# [ACTIVITY]
Skip every image and restate the data word for word.

# [DATA]
-- Opening Marker --
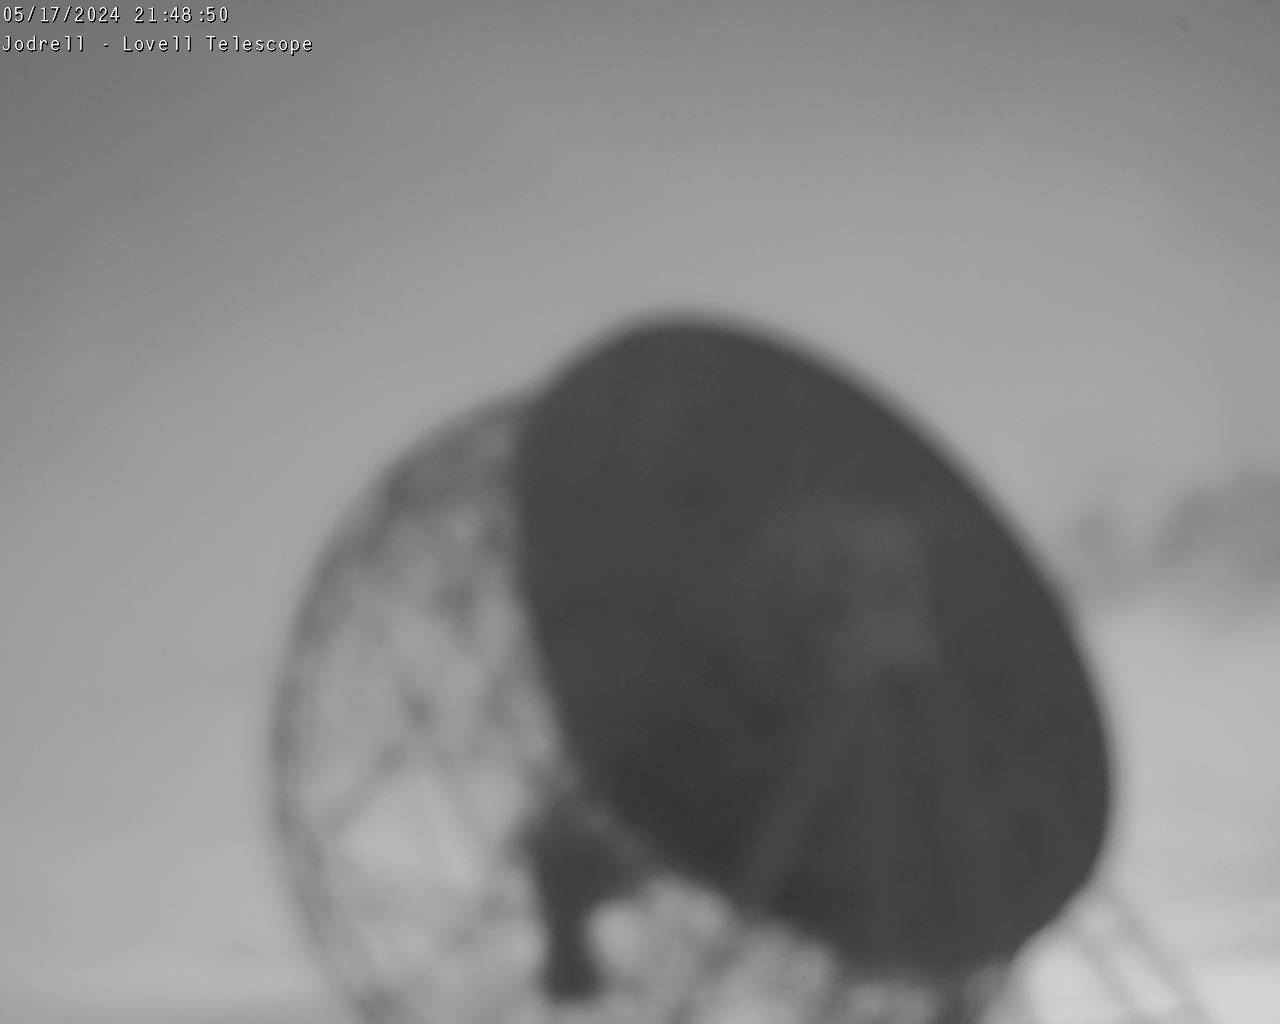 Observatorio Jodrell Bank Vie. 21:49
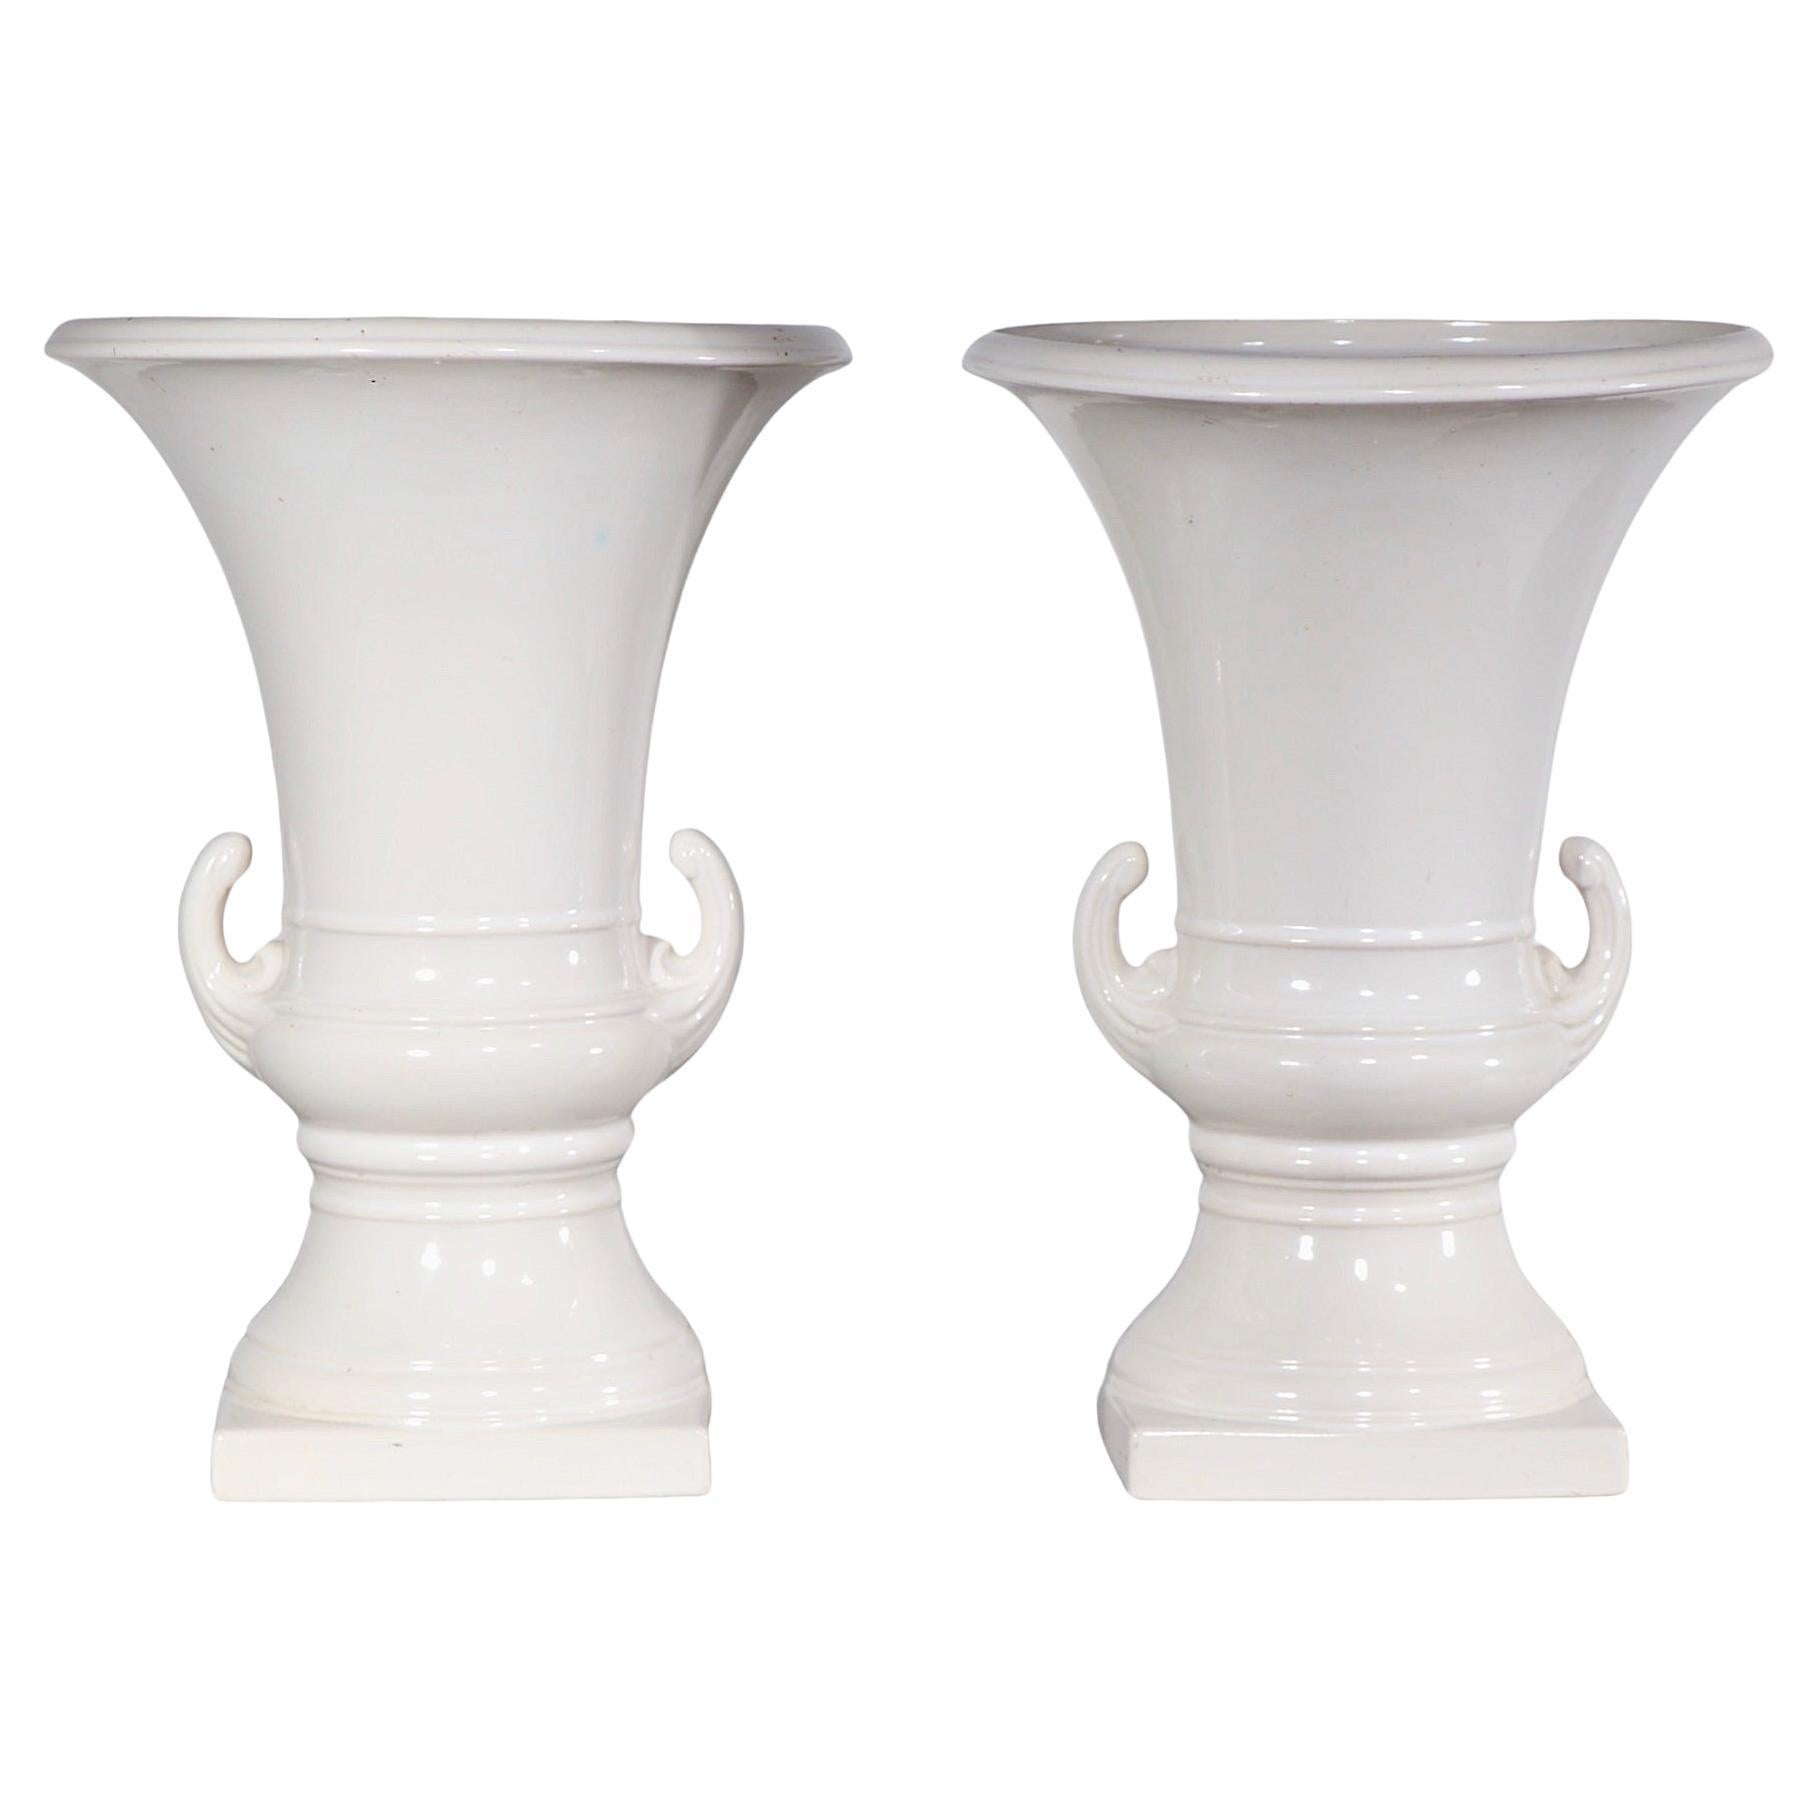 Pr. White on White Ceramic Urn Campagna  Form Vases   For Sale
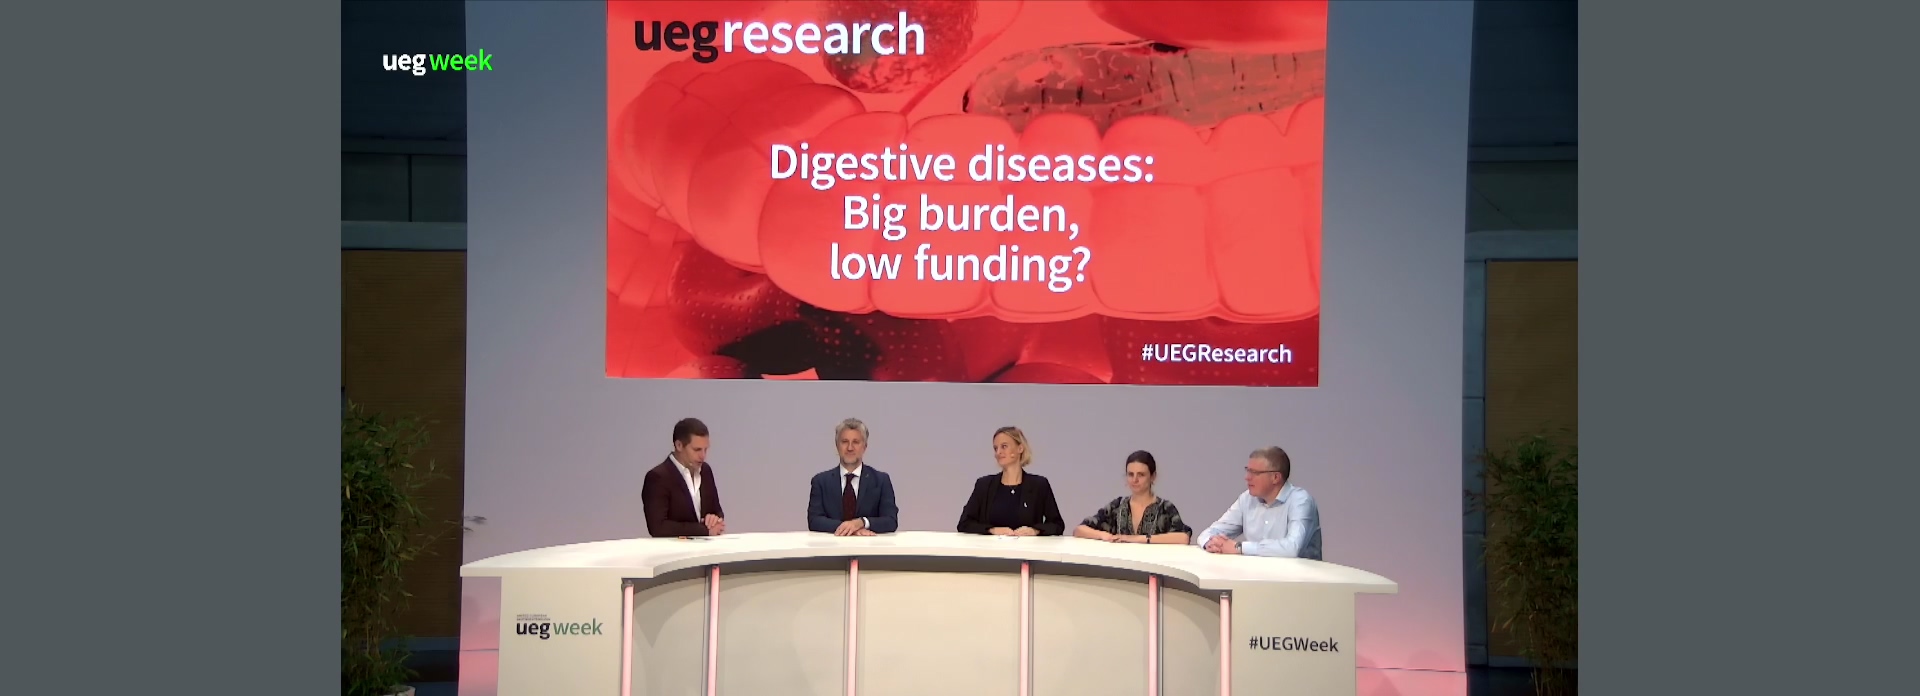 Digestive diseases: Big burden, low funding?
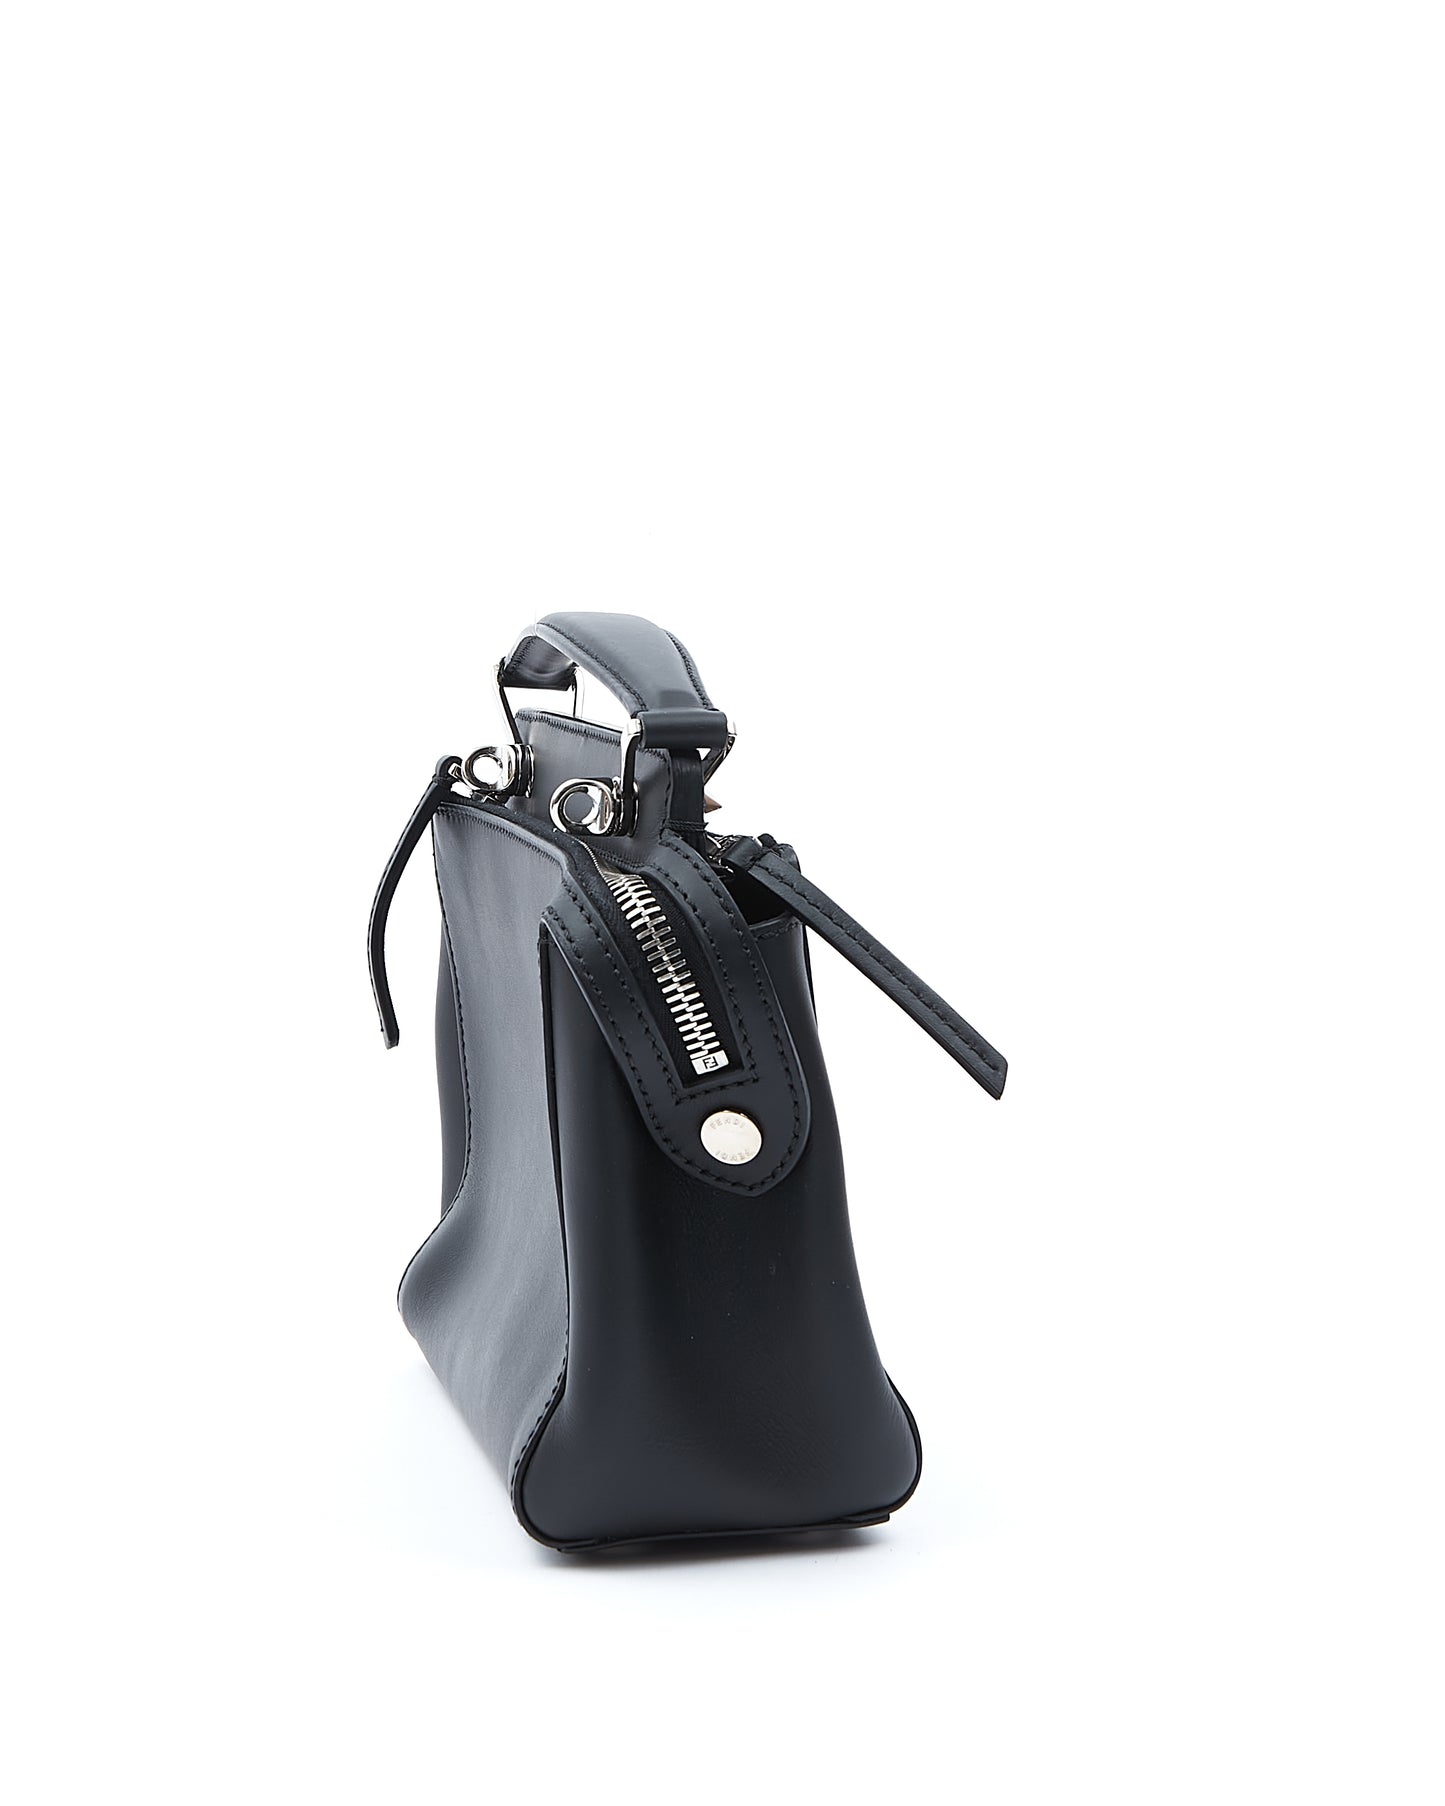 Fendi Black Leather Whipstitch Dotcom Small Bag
-- Closing Marker --
# [OUTPUT OF THE TASK]
 Observatorio Jodrell Bank Vie. 21:49
 Pr. White on White Ceramic Urn Campagna  Form Vases   For Sale
 Digestive diseases: Big burden, low funding?
 Fendi Black Leather Whipstitch Dotcom Small Bag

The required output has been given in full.